6.5.1. QR decomposition using the Gram-Schmidt process#

Consider the \(3 \times 3\) matrix \(A\) represented as the concatenation of the column vectors \(\vec{a}_1, \vec{a}_2, \vec{a}_3\)

\[\begin{split} \begin{pmatrix} a_{11} & a_{12} & a_{13} \\ a_{21} & a_{22} & a_{23} \\ a_{31} & a_{32} & a_{33} \end{pmatrix} = \begin{pmatrix} \uparrow & \uparrow & \uparrow \\ \vec{a}_1 & \vec{a}_2 & \vec{a}_3 \\ \downarrow & \downarrow & \downarrow \end{pmatrix} \end{split}\]

where \(\vec{a}_i = (a_{1i}, a_{2i}, a_{3i})^\mathrm{T}\). To calculate the orthogonal \(Q\) matrix we need a set of vectors \(\{\vec{q}_1, \vec{q}_2, \vec{q}_3\}\) that span the same space as {\(\vec{a}_1, \vec{a}_2, \vec{a}_3\}\) but are orthogonal to each other. One way to do this is using the Gram-Schmidt process. Consider the diagram shown in Fig. 6.1 that shows the first two non-orthogonal vectors \(\vec{a}_1\) and \(\vec{a}_2\).
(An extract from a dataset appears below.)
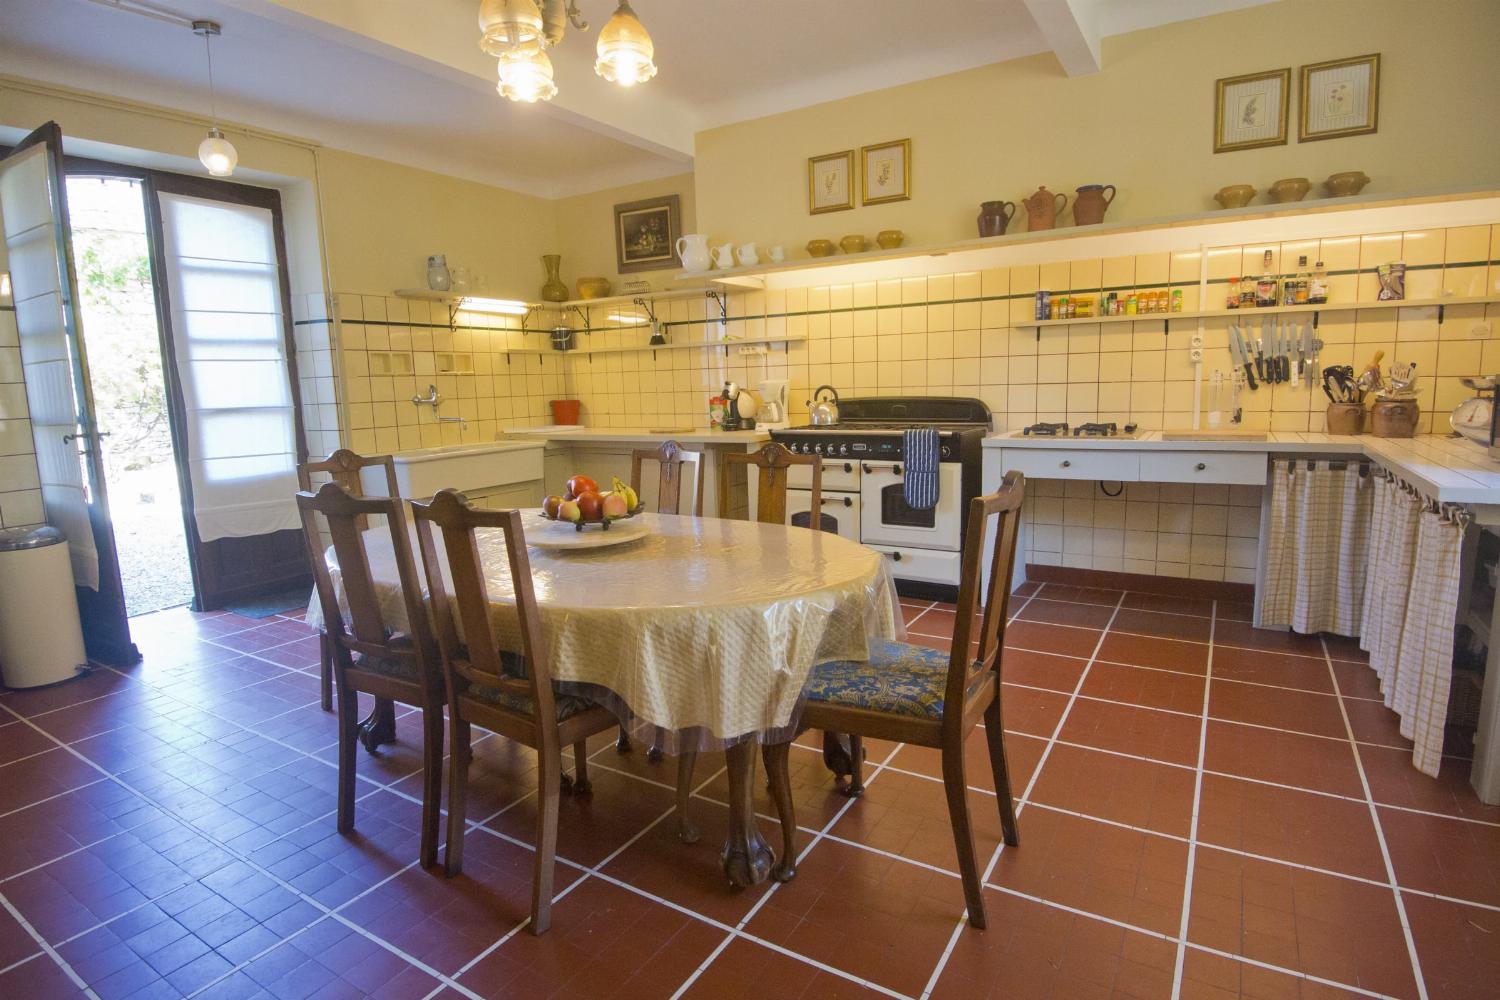 Kitchen | Rental home in Nouvelle-Aquitaine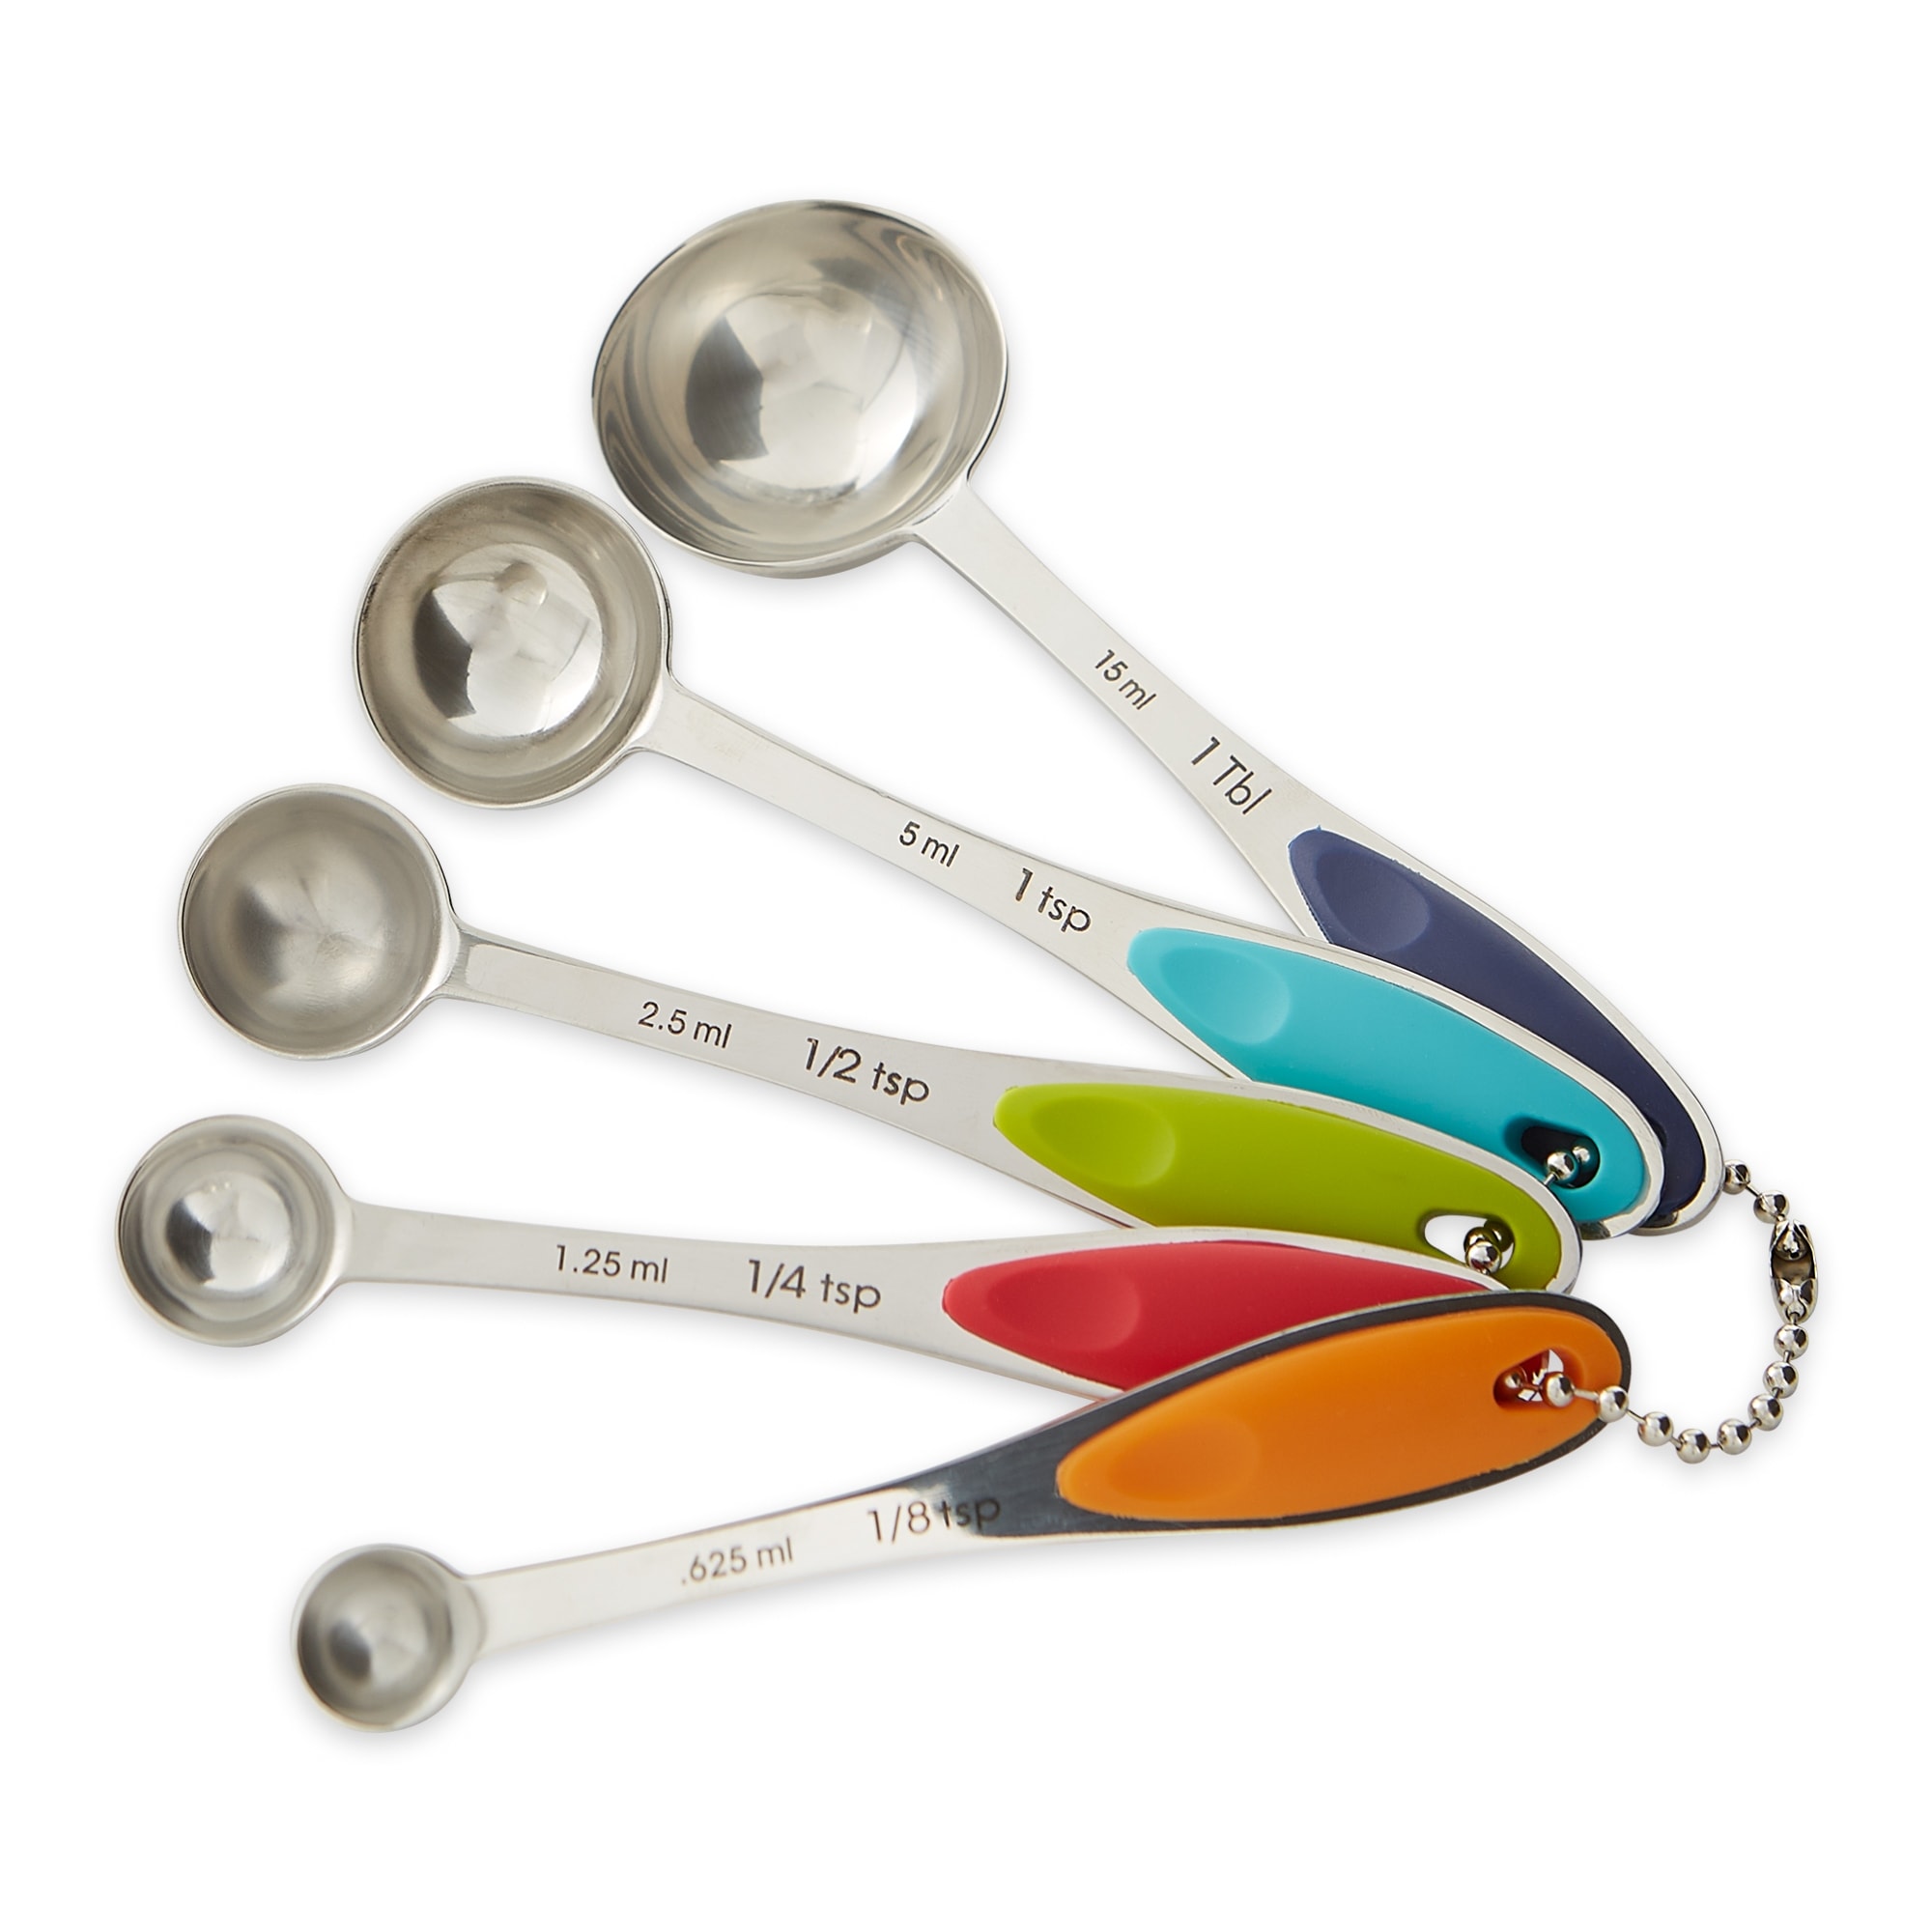 https://ak1.ostkcdn.com/images/products/is/images/direct/5b72faee75d5dbee7dbf8e959e5dfabcb5b7a8dd/Measuring-Spoon.jpg

../_images/gram_schmidt.svg — Fig. 6.1 The Gram-Schmidt process#

We begin by letting \(\vec{u}_1 = \vec{a}_1\) and seek to find a vector \(\vec{u}_2\) that is orthogonal to \(\vec{u}_1\) and in the same span as \(\vec{a}_2\). To do this we subtract the vector projection of \(\vec{a}_2\) onto \(\vec{u}_1\), i.e.,

\[ \vec{u}_2 = \vec{a}_2 - \left( \frac{\vec{a}_2 \cdot \vec{u}_1}{\vec{u}_1 \cdot \vec{u}_1} \right) \vec{u}_1.\]

We can simplify things by normalising \(\vec{u}_1\) such that \(\vec{q}_1 = \vec{u}_1 / \\\\|\vec{u}_1\\|\) so we have

\[ \vec{u}_2 = \vec{a}_2 - (\vec{a}_2 \cdot \vec{q}_1) \vec{q}_1, \]
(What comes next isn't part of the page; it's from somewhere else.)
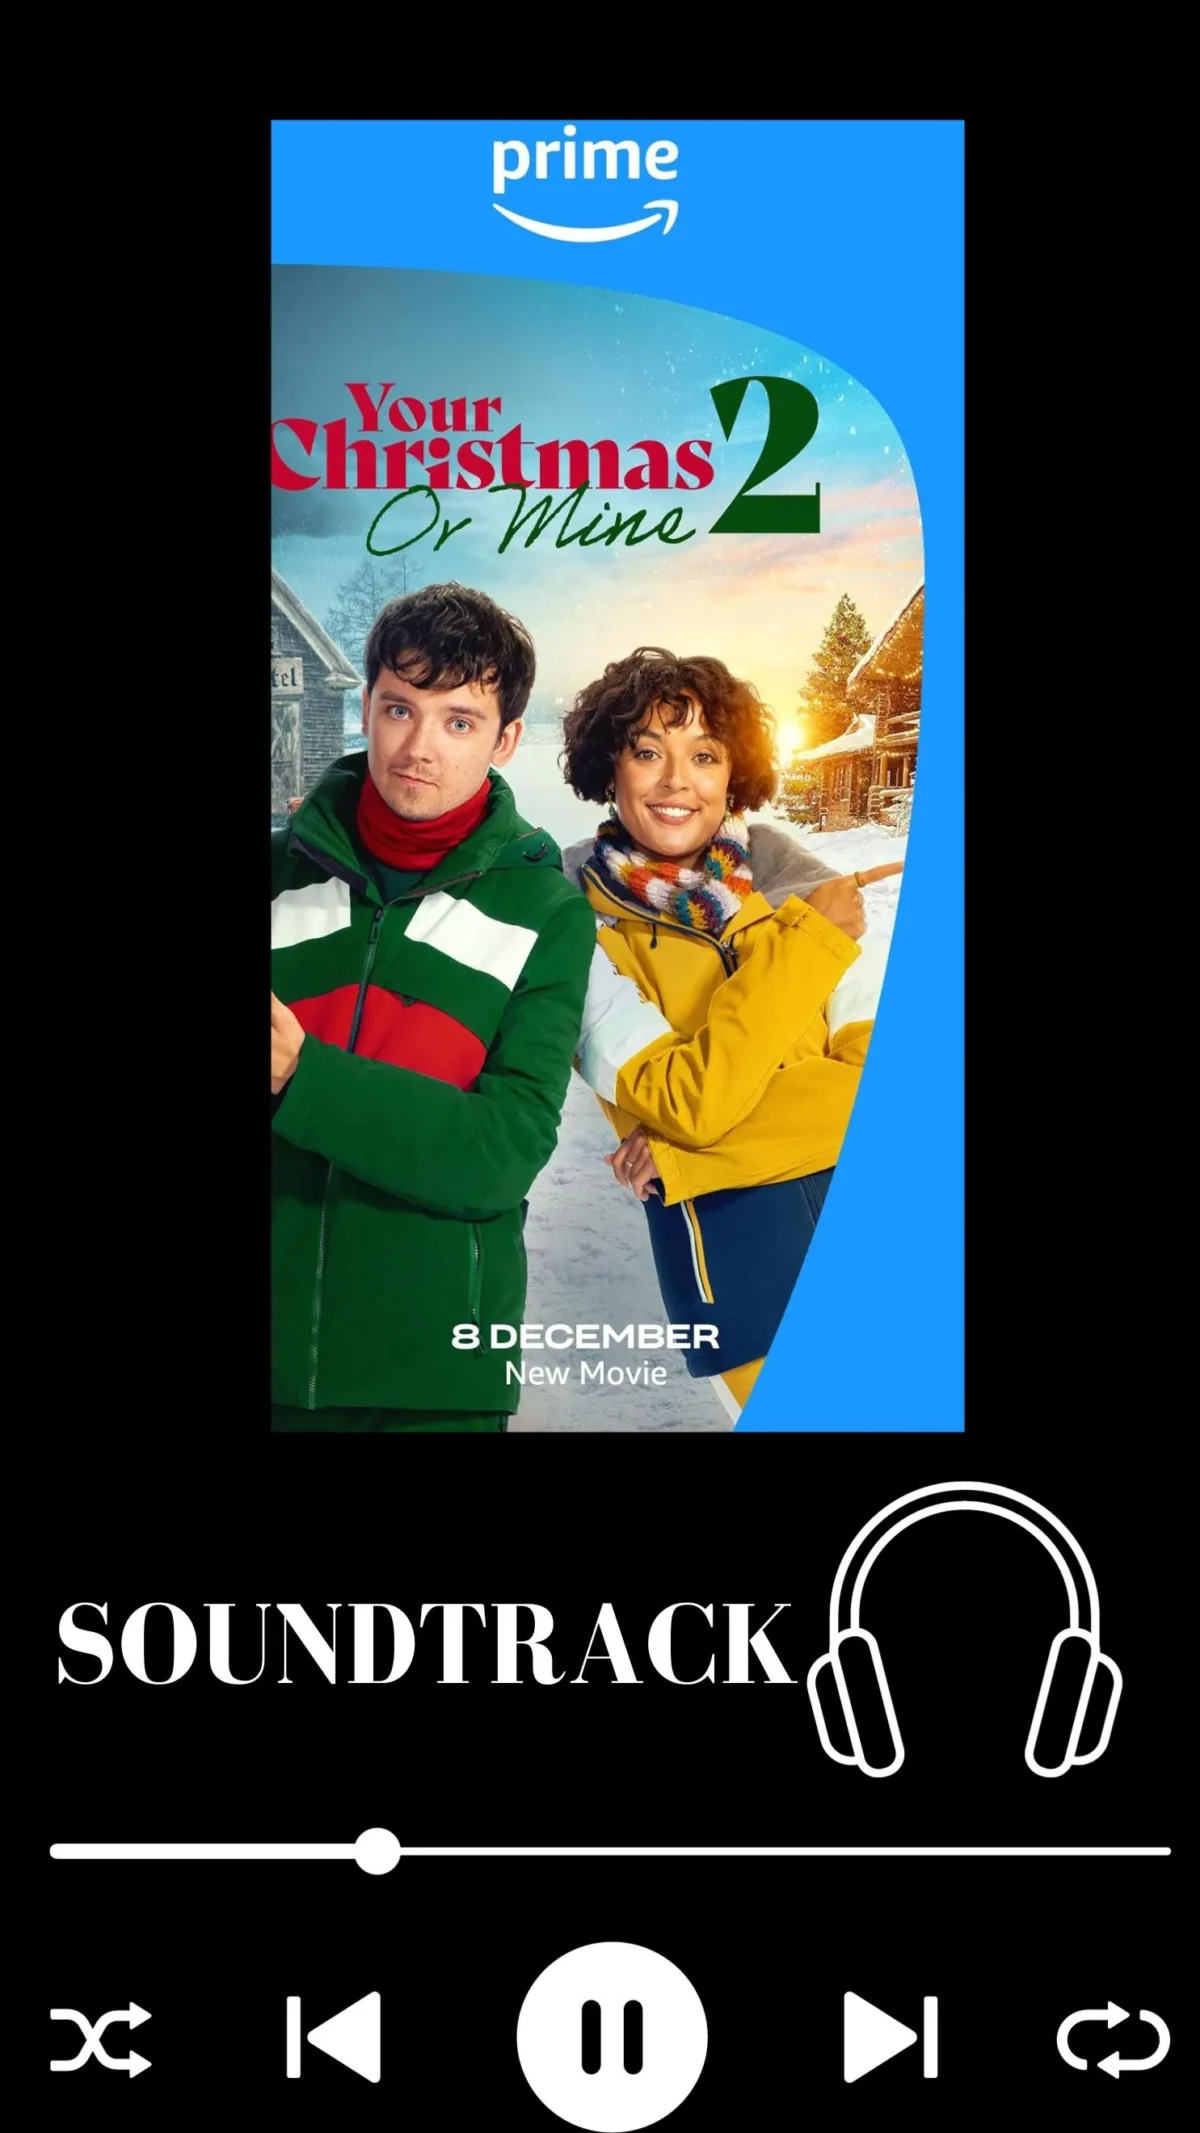 Your Christmas or Mine 2 Soundtrack

which is also normalised to give \(\vec{q}_2 = \vec{u}_2 / \|\vec{u}_2\|\). For the next vector \(\vec{a}_3\) we want the vector \(\vec{u}_3\) to be orthogonal to both \(\vec{q}_1\) and \(\vec{q}_2\) so we subtract both the vector projections of \(\vec{a}_3\) onto \(\vec{q}_1\) and \(\vec{q}_2\)

\[ \vec{u}_3 = \vec{a}_3 - (\vec{a}_3 \cdot \vec{q}_1) \vec{q}_1 - (\vec{a}_3 \cdot \vec{q}_2) \vec{q}_2, \]
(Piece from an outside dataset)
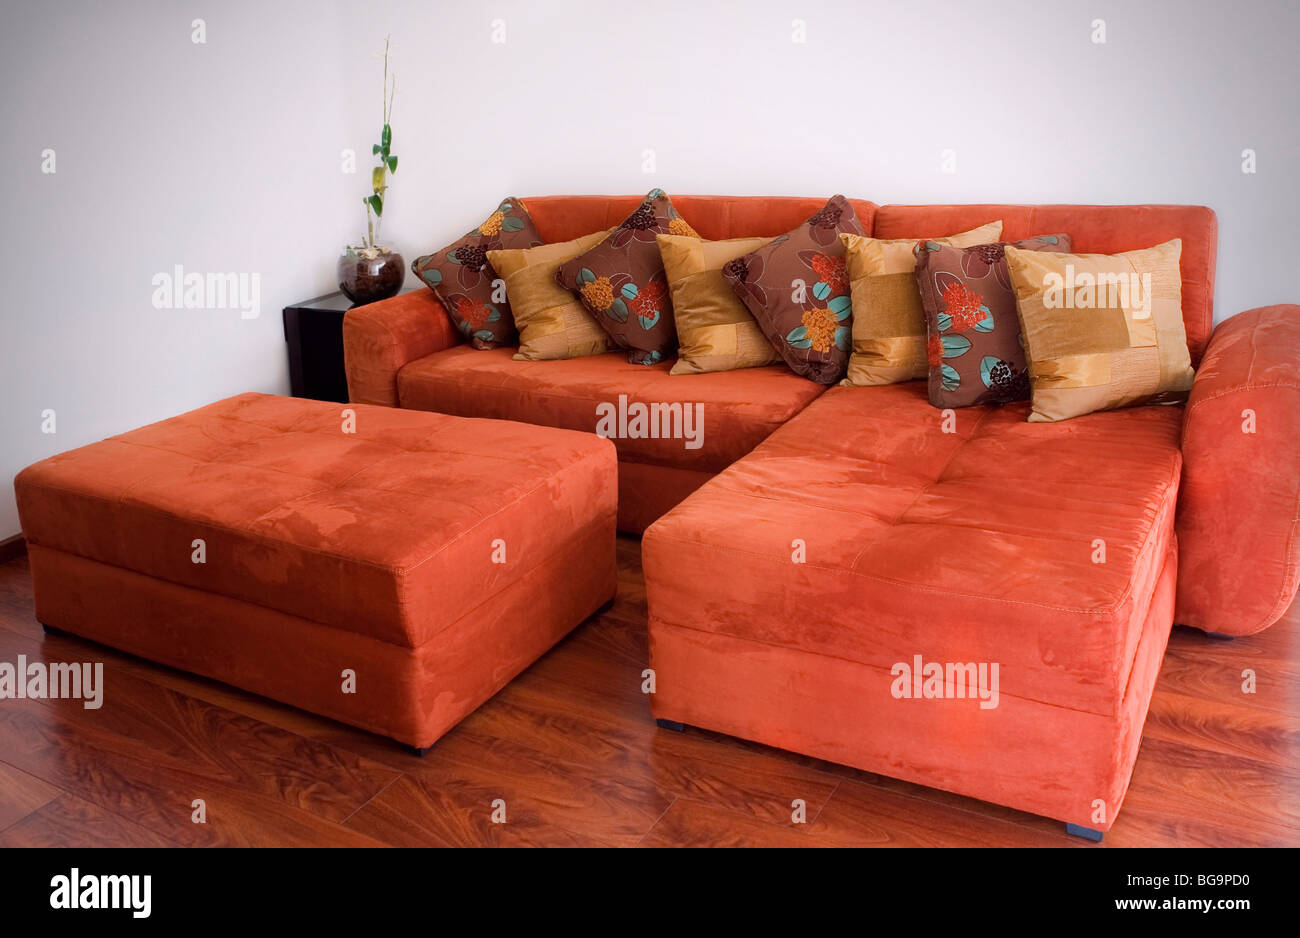 Comfortable orange velvet couch with patterned pillows Stock Photo

which is normalised to give \(\vec{q}_3\). Rerranging the expressions for \(\vec{u}_1\), \(\vec{u}_2\) and \(\vec{u}_3\) gives

\[\begin{split} \begin{align*} \vec{a}_1 &= \vec{u}_1, \\ \vec{a}_2 &= (\vec{a}_2 \cdot \vec{q}_1) \vec{q}_1 + \vec{u}_2, \\ \vec{a}_3 &= (\vec{a}_3 \cdot \vec{q}_1) \vec{q}_1 + (\vec{a}_3 \cdot \vec{q}_2)\vec{q}_2 + \vec{u}_3 \end{align*} \end{split}\]

and since \(\vec{u}_i = (\vec{a}_i \cdot \vec{q}_i) \vec{q}_i\) (the projection of \(\vec{u}_i\) onto a unit vector pointing in the same direction at \(\vec{u}_i\)) then

\[\begin{split} \begin{align*} \vec{a}_1 &= (\vec{a}_1 \cdot \vec{q}_1) \vec{q}_1, \\ \vec{a}_2 &= (\vec{a}_2 \cdot \vec{q}_1) \vec{q}_1 + (\vec{a}_2 \cdot \vec{q}_2) \vec{q}_2, \\ \vec{a}_3 &= (\vec{a}_3 \cdot \vec{q}_1) \vec{q}_1 + (\vec{a}_3 \cdot \vec{q}_2) \vec{q}_2 + (\vec{a}_3 \cdot \vec{q}_3) \vec{q}_3 \end{align*} \end{split}\]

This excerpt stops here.